The Effect of pH on Monoglyceride-Caseinate Mixed Monolayers at the Air-Water Interface.

The surface pressure (pi) area (A) isotherms and Brewster angle microscopy (BAM) of monoglyceride-caseinate mixed films spread on buffered water at pH 5 and 7 and at 20 degrees C were determined as a function of the mass fraction (X) of monoglyceride (monopalmitin or monoolein) in the mixture. The structural characteristics, miscibility, and morphology of monoglyceride-caseinate mixed films are very dependent on surface pressure and monolayer composition. The monolayer structure was more expanded as the pH and the monoglyceride concentration in the mixture were increased. From the concentration and surface pressure dependence on excess area, free energy, and collapse pressure, it was deduced that, at a macroscopic level, monoglyceride (either monopalmitin or monoolein) and caseinate form a practically immiscible monolayer at the air-water interface.
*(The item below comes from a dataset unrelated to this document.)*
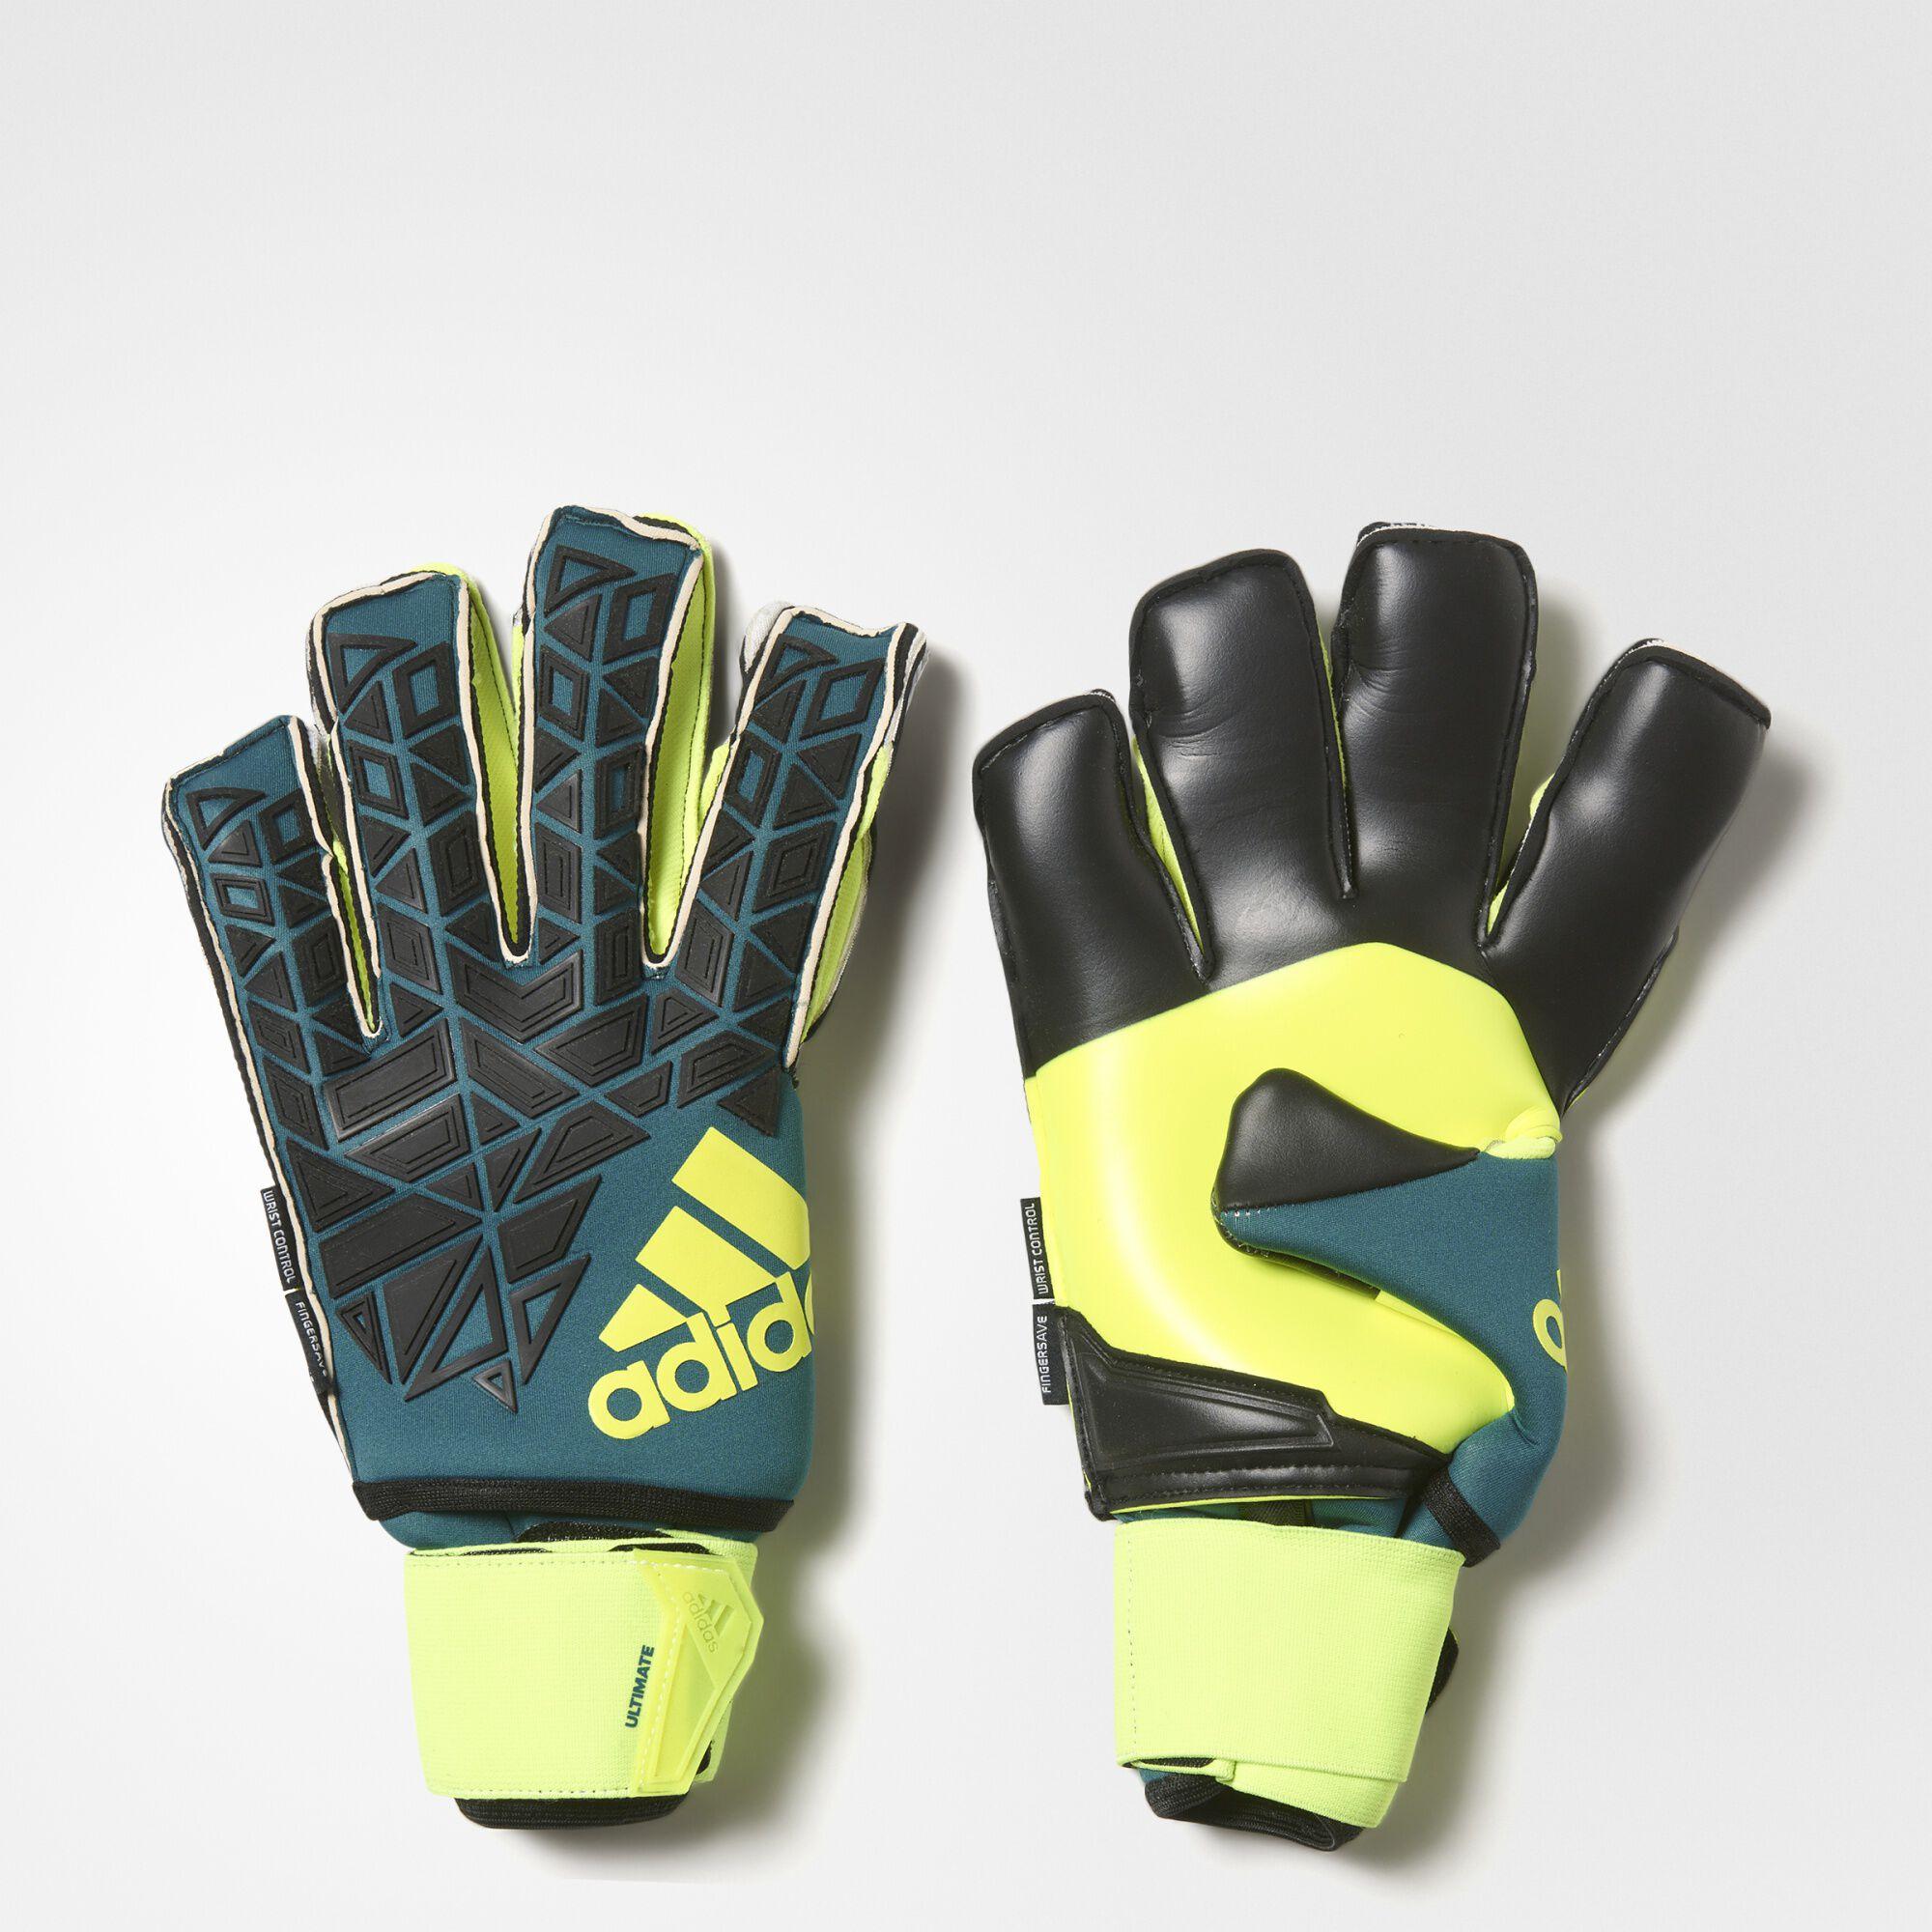 Adidas X Ace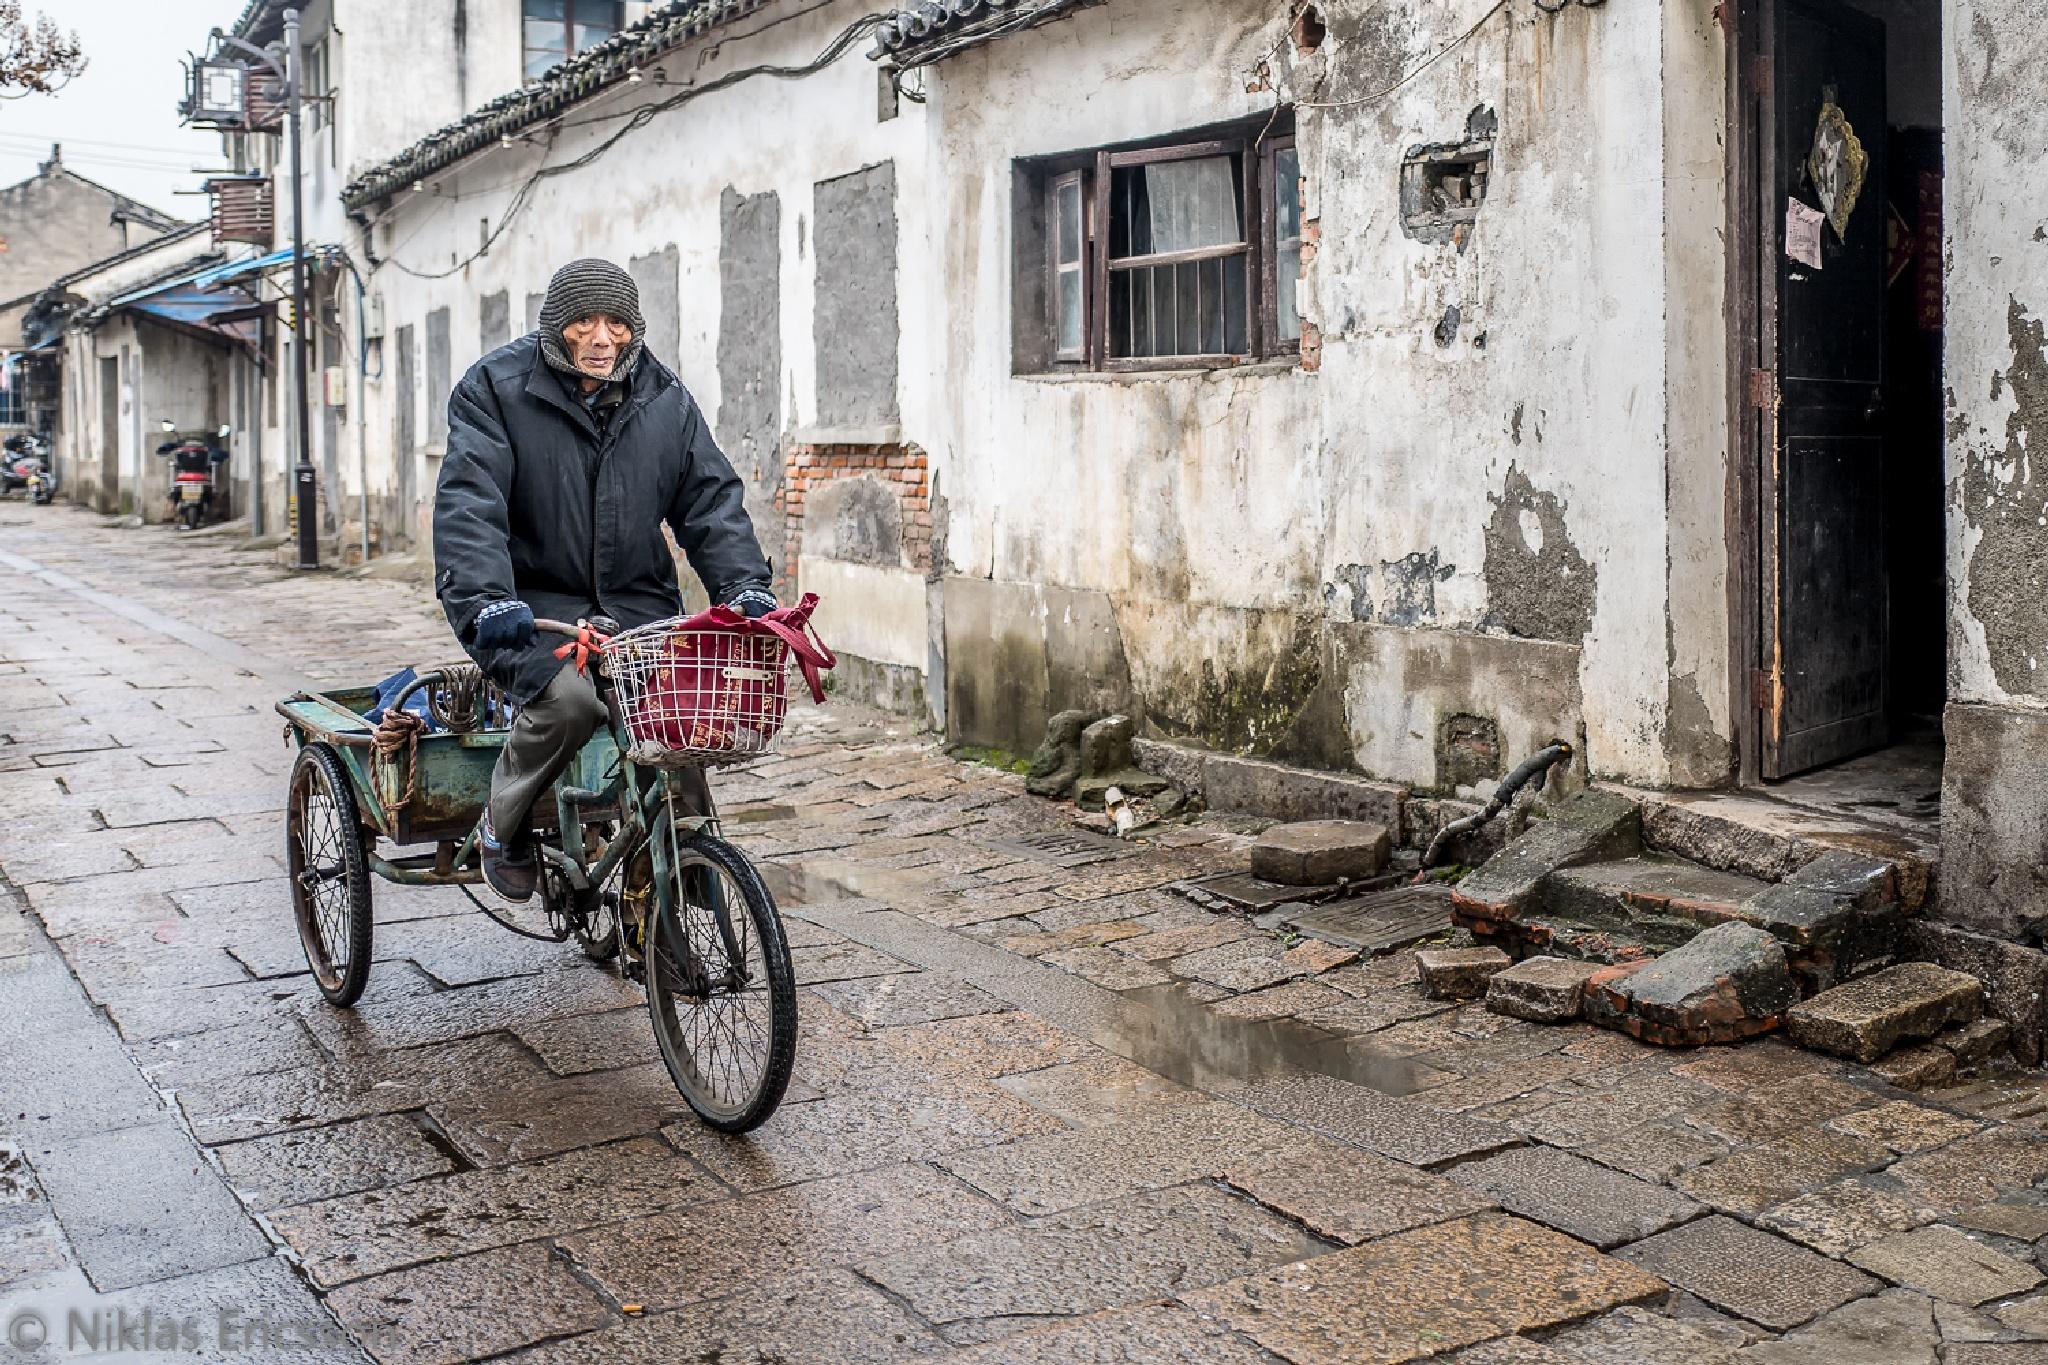 Bike ride by Niklas Ericsson

The BAM images and the evolution with the surface pressure of the relative reflectivity of BAM images give complementary information on the interactions and structural characteristics of monoglyceride-caseinate mixed monolayers, which at a microscopic level corroborated in part the conclusions derived from the pi-A isotherm at a macroscopic level. Over the overall range of existence of the mixed film the monolayer presents some heterogeneity due to the fact that domains of monoglyceride (especially of monopalmitin) and spots of collapsed caseinate residues are present during the monolayer compression-expansion cycle, giving relative intensity peaks with high relative film thickness. At higher pi, after the caseinate collapse, characteristic squeezing-out phenomenon was observed. At the monoglyceride monolayer collapse the mixed film is practically dominated by the presence of monoglyceride. The prevalence of monoglyceride in the interface increases with the amount of monoglyceride in the mixture and at higher pi. However, some degree of interactions exists between monoglyceride and caseinate in the mixed film and these interactions are more pronounced as the monolayer is compressed at the highest surface pressures. Copyright 2001 Academic Press.